Greatest hits album by Styx
- Released: 1987
- Genre: Rock/Pop
- Length: 68:49
- Label: A&M
- Producer: Styx

Styx compilation chronology
| Best of Styx (1977) | Styx - Classics, Volume 15 (1987) | Styx Greatest Hits (1995) |

= Styx Classics Volume 15 =

Styx - Classics, Volume 15 is a greatest hits compilation for the band Styx, released in 1987 by A&M Records as part of A&M's classics series of greatest hits albums for artists on its label.

Like Best of Styx, this compilation is label-exclusive. Therefore, it only contains Styx's hits on the A&M label—which necessarily excludes Styx's significant hit "Lady", which was recorded for Wooden Nickel Records.

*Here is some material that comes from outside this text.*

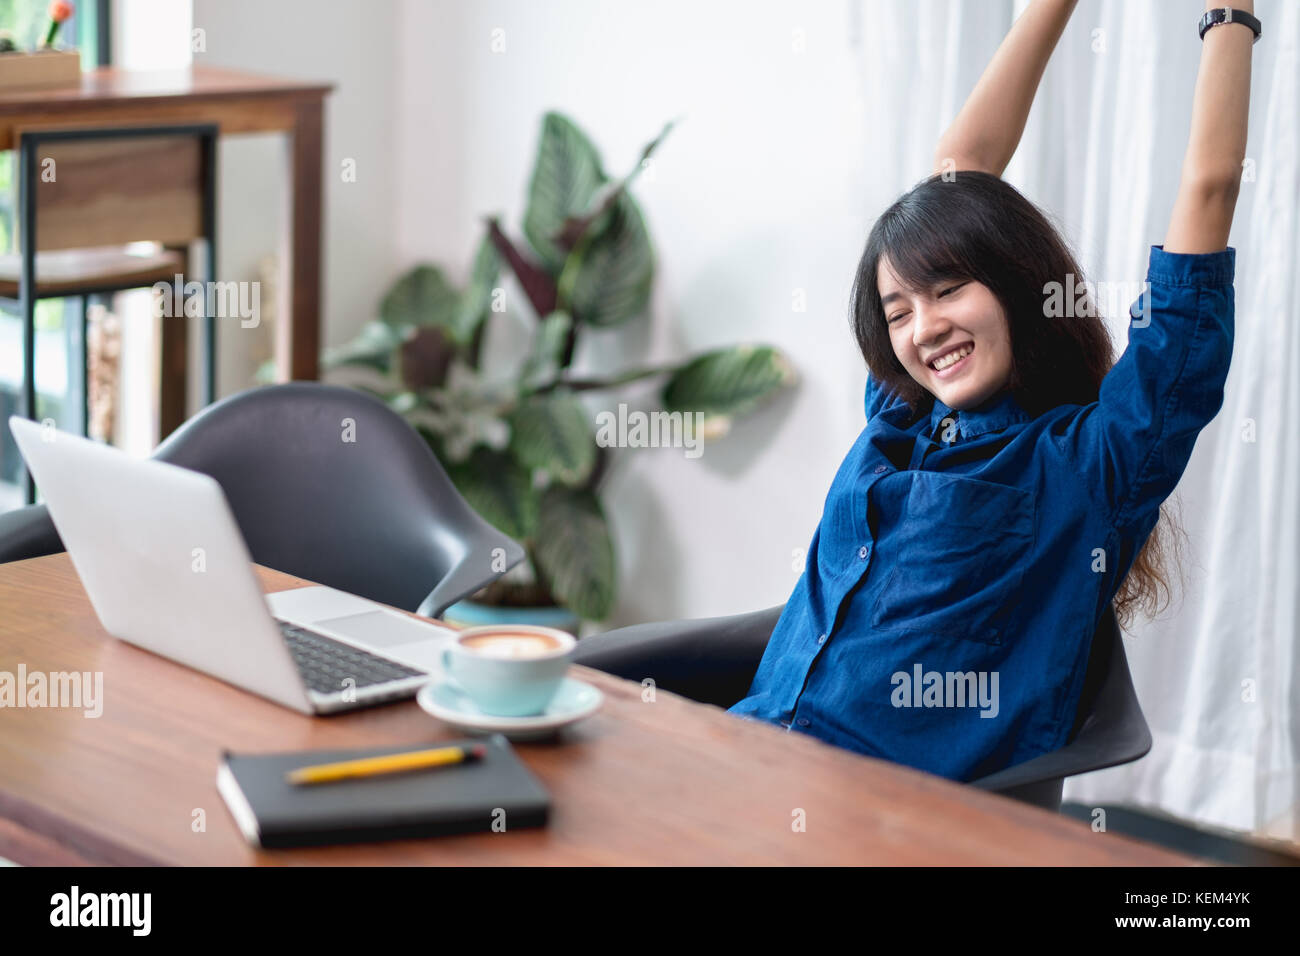 Asien Frau entspannen Sie nach der Arbeit, Frau den Arm anheben, die sich vor dem Laptop und Kaffee Tasse auf Holz Tisch im Cafe Restaurant, Lifestyle, Stockfoto

Of note, the version of "Come Sail Away" on the album is an abbreviated edit with an early fade, and the version of "Miss America" is a live performance of the song.

Professional ratings
Review scores
| Source | Rating |
| Allmusic |  |

==Track listing==
1. "Babe" (D. DeYoung) – 4:28
2. "Blue Collar Man (Long Nights)" (T. Shaw) – 4:07
3. "Come Sail Away" (Early fade-out) (D. DeYoung) – 5:32
4. "Crystal Ball" (T. Shaw) – 4:32
5. "Fooling Yourself (The Angry Young Man)" (Early fade-out) (T. Shaw) – 5:10
6. "Light Up" (D. DeYoung) – 4:21
7. "Mr. Roboto" (D. DeYoung) – 5:29
8. "Renegade" (T. Shaw) – 4:15
9. "The Best of Times" (D. DeYoung) – 4:19
10. "Don't Let It End" (D. DeYoung) – 4:57
11. "The Grand Illusion" (D. DeYoung) – 4:37
12. "Suite Madame Blue" (D. DeYoung) – 6:33
13. "Too Much Time on My Hands" (T. Shaw) – 4:33
14. "Miss America" (Live) (J. Young) – 6:23

==Personnel==
- Dennis DeYoung - keyboards, vocals
- Tommy Shaw - guitar, mandolin, vocals
- James Young - guitar, vocals
- John Curulewski - guitar, vocals
- Chuck Panozzo - bass, vocals
- John Panozzo - drums

==Certifications==

| Region | Certification | Certified units/sales |
| United States (RIAA) | Gold | 500,000^{^} |
^{^} Shipments figures based on certification alone.